What makes me furious is that these were not your usual crap parents that you would expect to be, well, crap parents. When the visit started the parents seemed to be on board with medically treating their daughter that had OD'd on heroin. And at some point they had this thought: "Hey, these medical professionals don't know what they are talking about. I'm going to listen to the reasoning of my IV drug-addict daughter!". And then she got them to buy in on what she was saying! So clearly the heroin is the tip of the iceberg of a family where the parents have no control and the daughter gets to do whatever she wants. To that I say "Why even call 911? If you really don't care if she lives or dies, what does it matter?".
What I wish I would have said to her and her parents was "If you OD again when you are 18, you are legally an adult and no one can take you out against medical advice. We will tie you down in order to monitor you and keep you safe. You will have no rights because you'll be considered incapacitated." And also "Yes, we are judging you, parents. We are judging your complete lack of control and lack of common sense. Yes, we think you are bad parents!" The only thing that makes me feel "happy" if that is even possible to say about this terrible situation, is that they will foot the entire bill since they went AMA.

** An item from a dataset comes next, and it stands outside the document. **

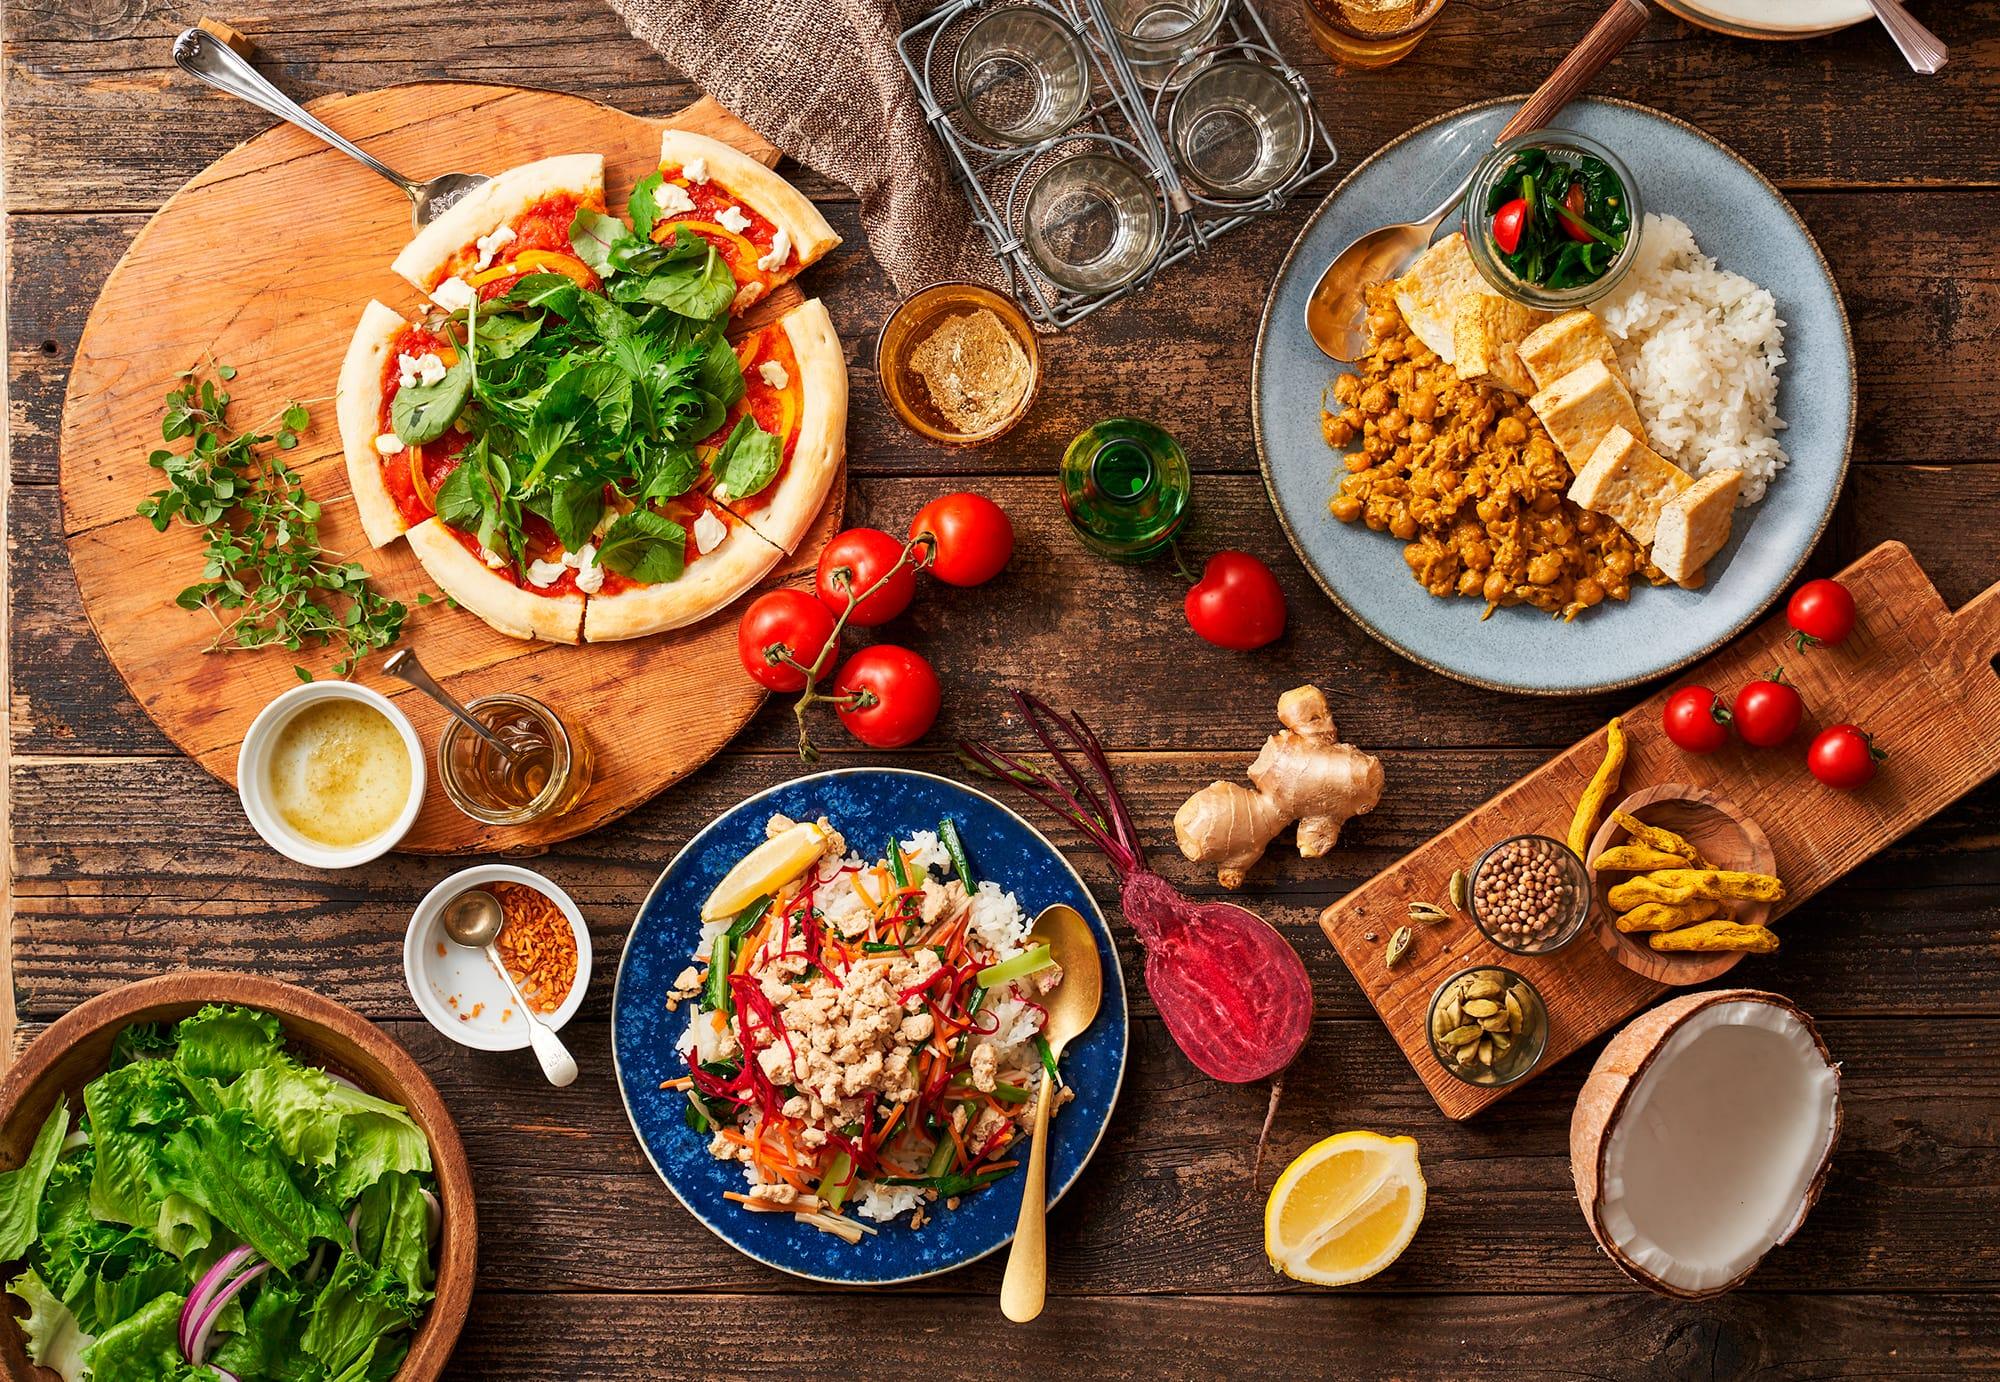 肉や魚、卵や乳製品を使用しないヴィーガン食を手軽に実践できるミールキット。

After they were gone I had parents bring in their 7 year old daughter who swallowed a penny. Upon discharge the mother asked if she could take home our ED blanket. I told her no and she said "Oh. But it's so cold!". Um, hell no. It was 102F today and people were literally dropping like it's hot all over the county. You don't get to take a blanket!
Phew...thanks for letting me vent. What are your bad parent stories?
Yup. Home care instructions: "Stop smoking pot. It is making you sick." Done!
The best anology I can come up with for you is this. Nursing care is sort of like being a watchman on the walls of a castle about to be attacked. you cannot relax your guard, and when you see that an attack is coming you'd dam well better make sure that you passed that message along and kept on it till it was acted on. You aren't the commander, you aren't the king, you won't win the victorious sortie but you are the one on whom all the rest of that happening depends. that's where your autonomy comes, when you make that call even though it's 3 AM and you know you're going to get yelled at because you just have that gut feeling that something is going wrong. You can suggest all you like but ultimately, you cannot win that war by charging into the fight.